= Required work =
Below are some records; output exactly the lines from the line with "周生生周生生黄金足金精工款戒指结婚送礼戒指对戒C78208r如图" to the line with "上圖為: 世界智慧財產權組織 ( World", both ends kept, and nothing more.

= Collected data =
□ □ □

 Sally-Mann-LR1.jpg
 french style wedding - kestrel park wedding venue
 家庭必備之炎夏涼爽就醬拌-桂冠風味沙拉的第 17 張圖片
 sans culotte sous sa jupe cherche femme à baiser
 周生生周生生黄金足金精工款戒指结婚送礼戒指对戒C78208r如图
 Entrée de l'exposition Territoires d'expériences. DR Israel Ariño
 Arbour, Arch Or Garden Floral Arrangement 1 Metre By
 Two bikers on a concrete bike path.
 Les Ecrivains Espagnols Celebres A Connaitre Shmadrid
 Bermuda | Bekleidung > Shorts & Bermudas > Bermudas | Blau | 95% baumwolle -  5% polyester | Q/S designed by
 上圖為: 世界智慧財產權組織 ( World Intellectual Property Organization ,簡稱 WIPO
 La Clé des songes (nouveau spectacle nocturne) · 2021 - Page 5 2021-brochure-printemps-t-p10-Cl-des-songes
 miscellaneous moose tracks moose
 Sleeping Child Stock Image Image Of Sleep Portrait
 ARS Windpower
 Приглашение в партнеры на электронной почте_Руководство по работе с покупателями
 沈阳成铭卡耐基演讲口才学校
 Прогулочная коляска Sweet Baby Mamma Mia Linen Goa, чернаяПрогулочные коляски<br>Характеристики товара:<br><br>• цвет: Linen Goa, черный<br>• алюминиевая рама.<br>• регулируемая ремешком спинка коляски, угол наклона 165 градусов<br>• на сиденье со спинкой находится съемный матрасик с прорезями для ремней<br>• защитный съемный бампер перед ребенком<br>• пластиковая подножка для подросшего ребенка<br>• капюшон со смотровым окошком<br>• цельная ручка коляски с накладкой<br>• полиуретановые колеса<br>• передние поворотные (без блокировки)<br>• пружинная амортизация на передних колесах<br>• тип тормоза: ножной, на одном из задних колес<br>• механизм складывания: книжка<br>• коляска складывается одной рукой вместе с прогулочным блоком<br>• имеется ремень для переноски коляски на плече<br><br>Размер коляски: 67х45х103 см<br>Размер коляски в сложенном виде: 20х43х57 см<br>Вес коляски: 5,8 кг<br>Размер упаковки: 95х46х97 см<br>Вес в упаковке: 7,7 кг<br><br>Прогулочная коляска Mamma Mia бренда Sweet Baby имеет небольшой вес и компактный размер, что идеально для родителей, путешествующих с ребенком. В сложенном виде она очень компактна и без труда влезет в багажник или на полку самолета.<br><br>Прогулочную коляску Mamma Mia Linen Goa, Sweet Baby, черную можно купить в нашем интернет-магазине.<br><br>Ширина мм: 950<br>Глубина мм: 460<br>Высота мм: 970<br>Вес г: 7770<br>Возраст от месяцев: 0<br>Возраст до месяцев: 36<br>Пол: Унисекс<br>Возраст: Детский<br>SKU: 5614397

□ □ □

= Task answer =
 周生生周生生黄金足金精工款戒指结婚送礼戒指对戒C78208r如图
 Entrée de l'exposition Territoires d'expériences. DR Israel Ariño
 Arbour, Arch Or Garden Floral Arrangement 1 Metre By
 Two bikers on a concrete bike path.
 Les Ecrivains Espagnols Celebres A Connaitre Shmadrid
 Bermuda | Bekleidung > Shorts & Bermudas > Bermudas | Blau | 95% baumwolle -  5% polyester | Q/S designed by
 上圖為: 世界智慧財產權組織 ( World Intellectual Property Organization ,簡稱 WIPO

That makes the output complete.